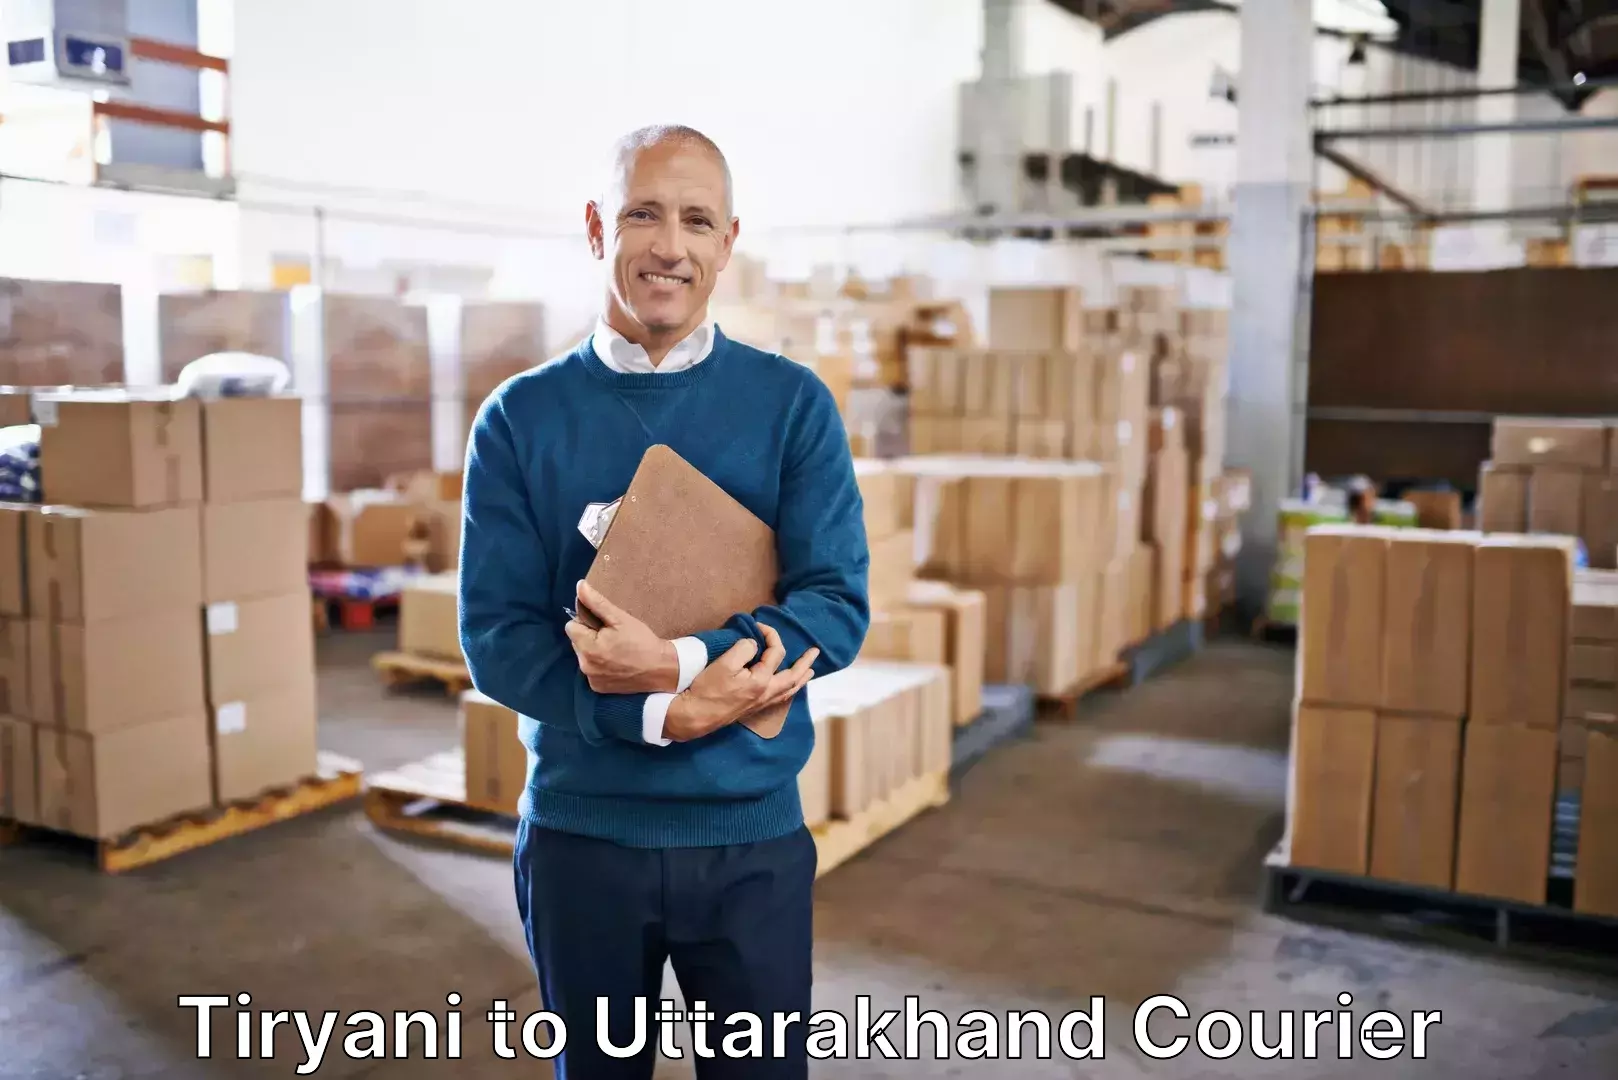 Luggage delivery operations Tiryani to Uttarakhand
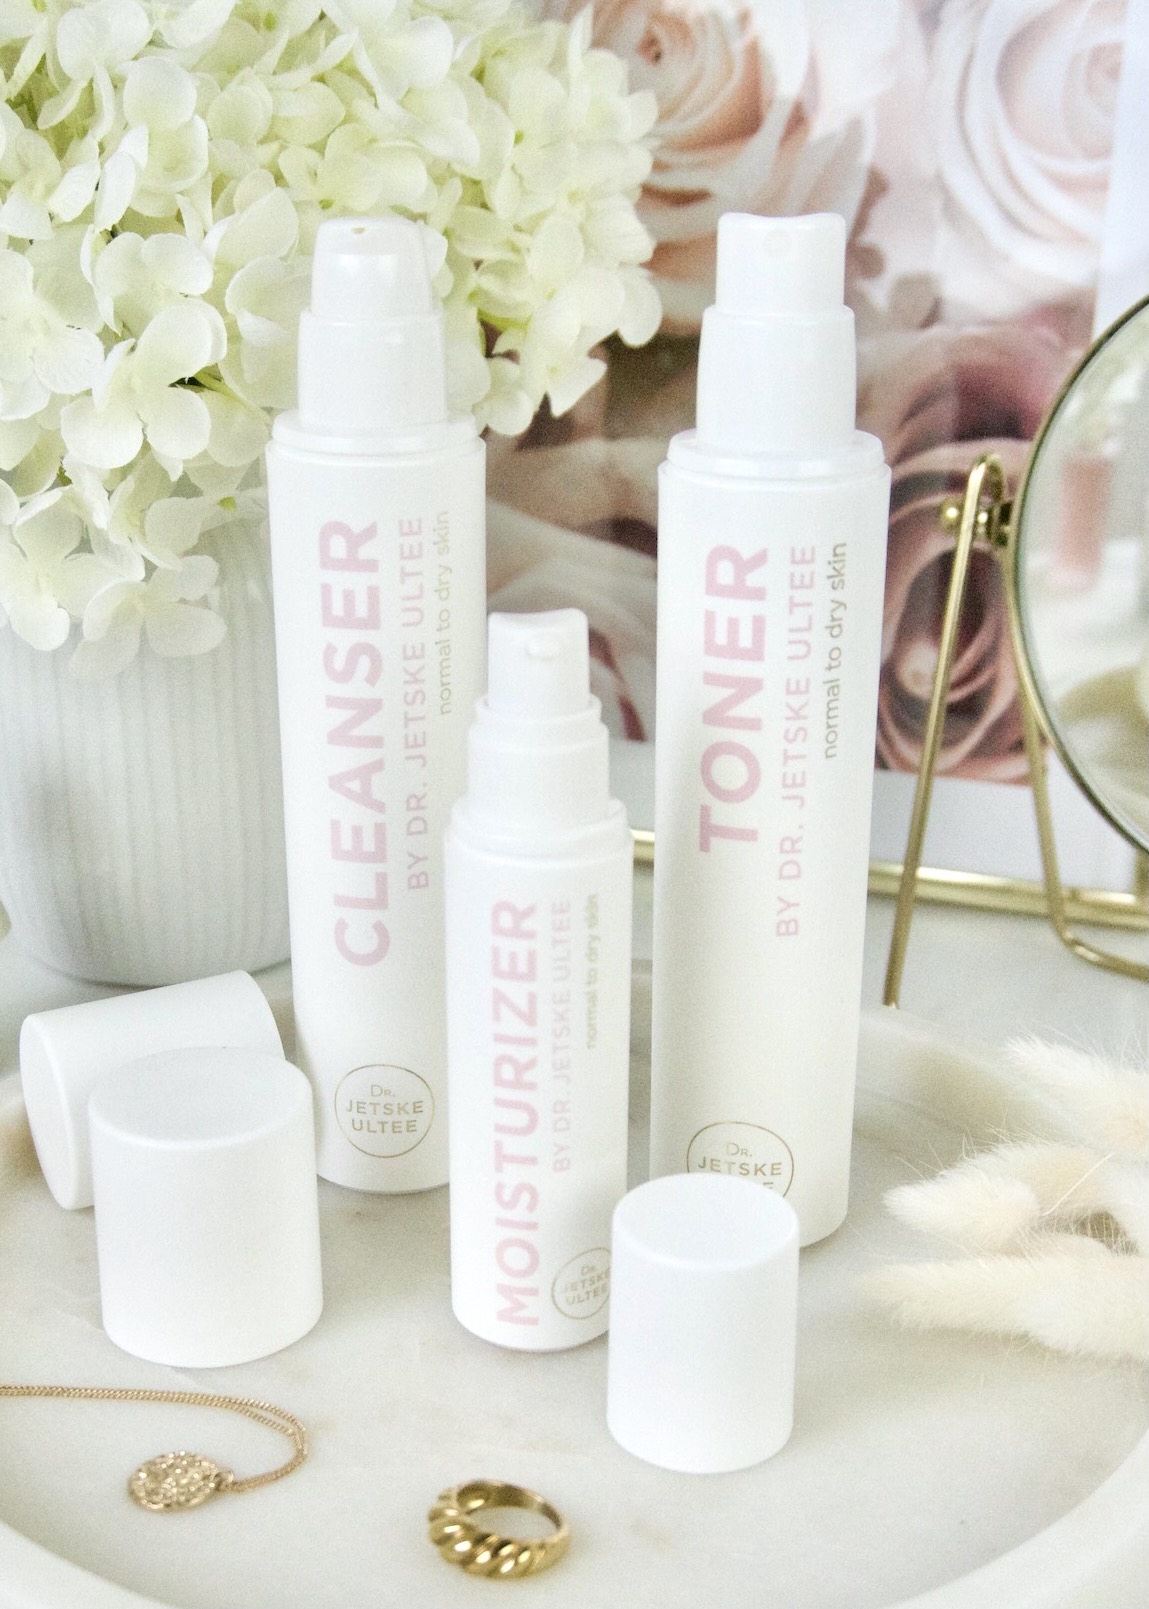 Dr. Jetske Ultee Skincare Cleanser, Toner & Moisturizer Review
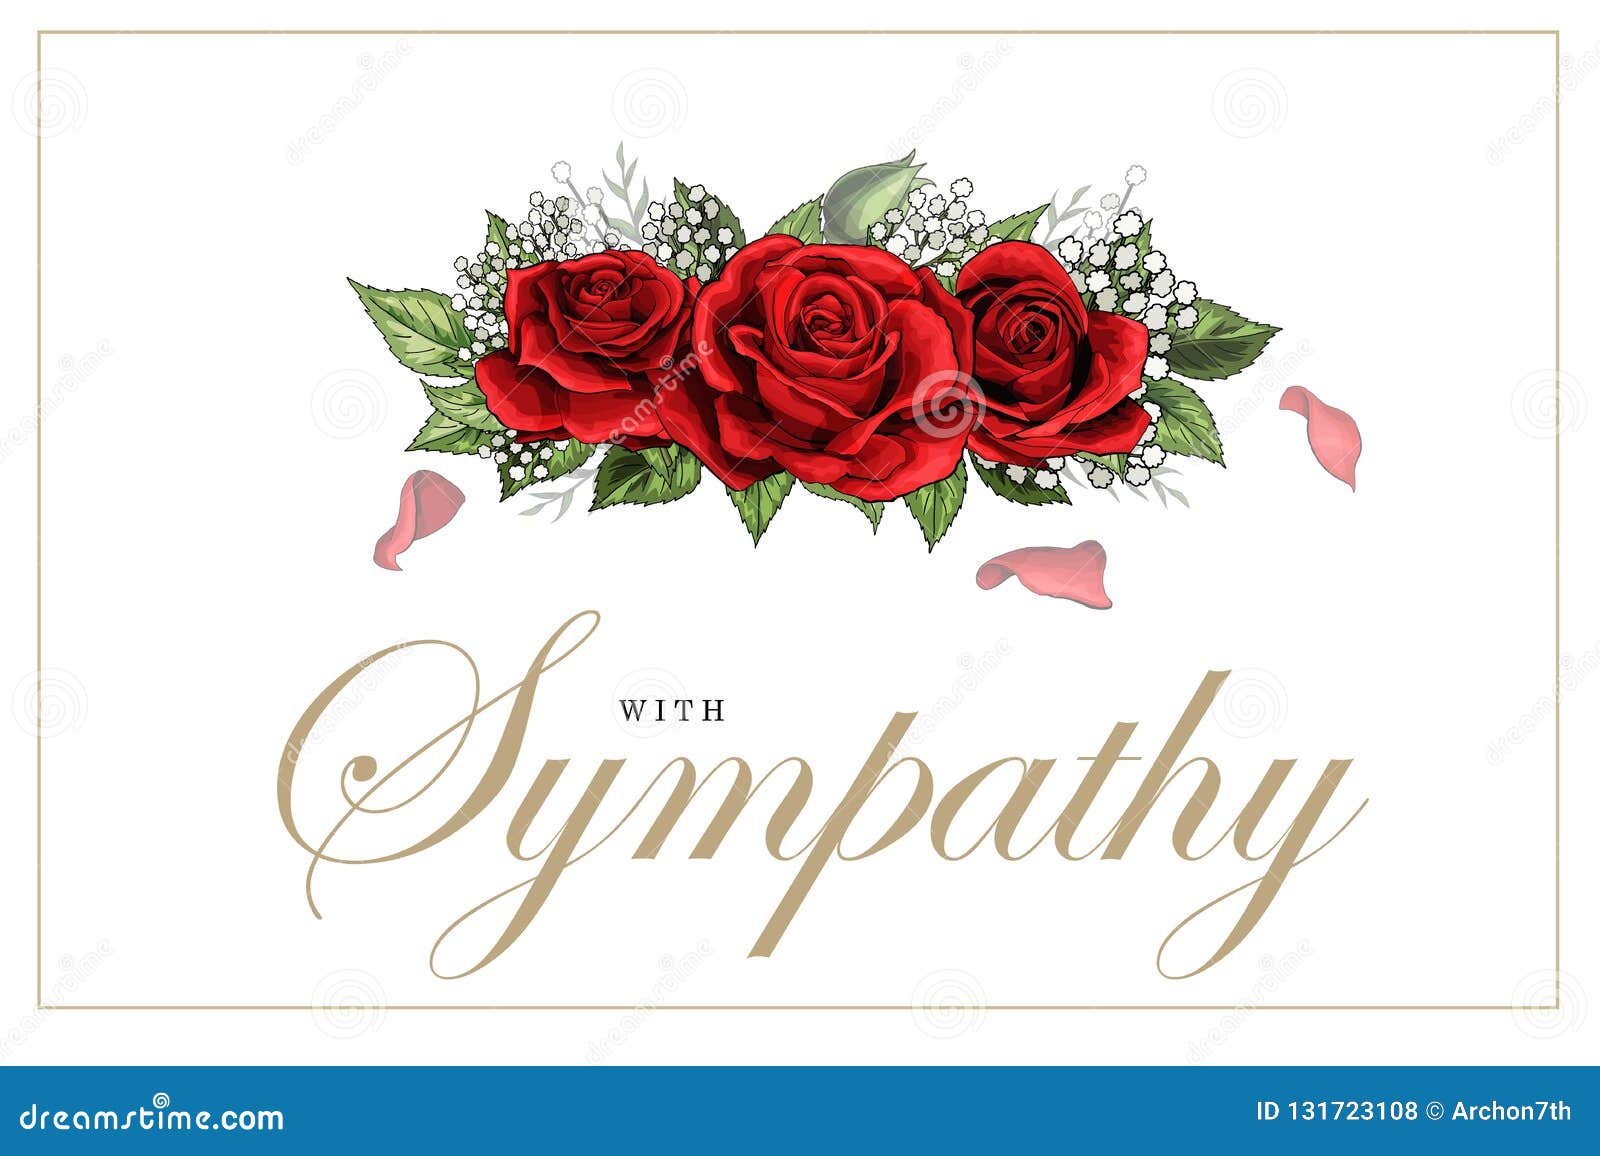 Condolences sympathy card floral frangipani Vector Image

::::::::::

- **What you need to do**
Repeat the data exactly, dropping every picture it holds.

- **Answer**
 Luggage delivery operations Tiryani to Uttarakhand
 Dr. Jetske Ultee Skincare Cleanser, Toner & Moisturizer Review
 Condolences sympathy card floral frangipani Vector Image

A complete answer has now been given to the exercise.